ここで、用いた不織布担持体は、坪量45.0±4.5 g/m2、厚さ0.60±0.20 mm、大きさ3cm×5cm(SHクレープ45、池田紙業社製)及び坪量60.0±6.0 g/m2、厚さ0.54±0.06 mm、大きさ3cm×5cm(RB8260P、池田紙業社製)である。
【0068】
<製造方法>
(液状一時染毛剤組成物の調製)
液状一時染毛剤組成物は、以下に示す製造方法a、b又はcによって製造した。
・製造方法a
成分(C)の存在下、成分(A)、成分(B)及び成分(D)をビーズミル(ナノミルNM-L、淺田鉄工社製)を用いて解砕した。その後、解砕された前記混合物に対して、成分(E)、その他の成分を添加、混合して液状一時染毛剤組成物を得た。なお、実施例14、24、25、比較例3については、成分(D)を添加せず上記同様に調製した。また、比較例1、2については、成分(B)、成分(D)、成分(E)を添加せず上記同様に調製した。
・製造方法b
成分(C)の存在下、成分(B)及び成分(D)をビーズミル(ナノミルNM-L、淺田鉄工社製)を用いて解砕した。
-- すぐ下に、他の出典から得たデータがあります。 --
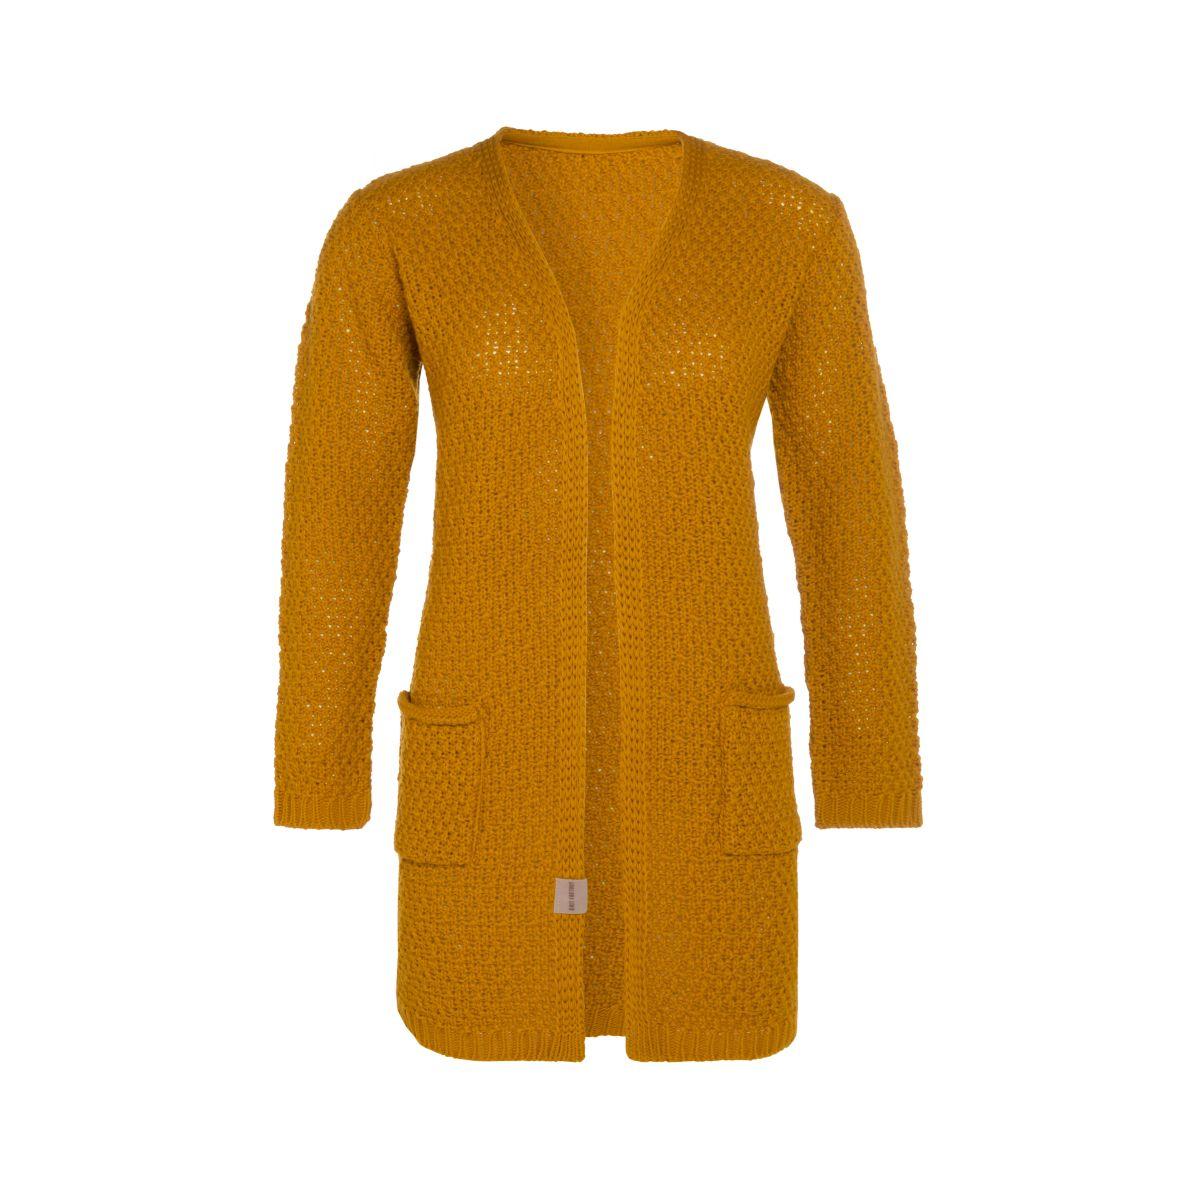 knit factory kf13308101749 luna vest oker 3638 1

その後解砕された前記組成物に対して、成分(A)を添加、混合し、更に、成分(E)、他の成分を添加、混合して液状一時染毛剤組成物を得た。なお、比較例4については、成分(C)に成分(A)を添加、混合して液状一時染毛剤組成物を得た。
・製造方法c
成分(C)の存在下、成分(A)をビーズミル(ナノミルNM-L、淺田鉄工社製)を用いて解砕した。同様にして、成分(C)の存在下、成分(B)及び成分(D)も解砕した。その後、解砕された成分(A)及び成分(C)の混合物と、解砕された成分(B)、成分(C)、及び成分(D)の混合物とを混合し、成分(E)、他の成分を添加、混合して液状一時染毛剤組成物を得た。
【0069】
(不織布担持体の調製)
不織布を2種用いる場合には、2種のそれぞれを4層ずつ計8層重ね、不織布を1種のみ用いる場合は、その1種を8層重ねた後、接合して用いた。不織布層の接合には、超音波シールの接合方法を用いた。
【0070】
(不織布担持物の調製)
均一に混合された液状一時染毛剤組成物を不織布担持体上に滴下して含侵させた。不織布担持体に保持させた液状一時染毛剤組成物の量は、不織布担持体の坪量に対して333%に調整した。
【0071】
<評価方法>
(評価用毛束)
化学的処理履歴の無い日本人直毛で長さ25cm、重さ1gの毛束を作製した。この毛束を、以下に処方を示すモデルシャンプーで洗浄した。タオルドライを行った後にドライヤー(パナソニック社製、ヘアドライヤーイオニティ:EH-NE67)で1分間乾かした後の毛束を評価に用いた。
【0072】
(保存後の発色性変化の抑制効果の評価方法)
製造直後の液状一時染毛剤組成物を担持した不織布担持物を用いて、上述の評価用毛束に対し、各組成物0.3gを毛束の根元から毛先にかけて塗り伸ばした。なお、実施例12、比較例2の液状一時染毛剤組成物については、不織布担持体に含浸させることなく、そのまま指で評価用毛束に各組成物0.3gを毛束の根元から毛先にかけて塗り伸ばした。塗布後、室温で放置し、毛束を十分に乾燥させて、これを基準品とした。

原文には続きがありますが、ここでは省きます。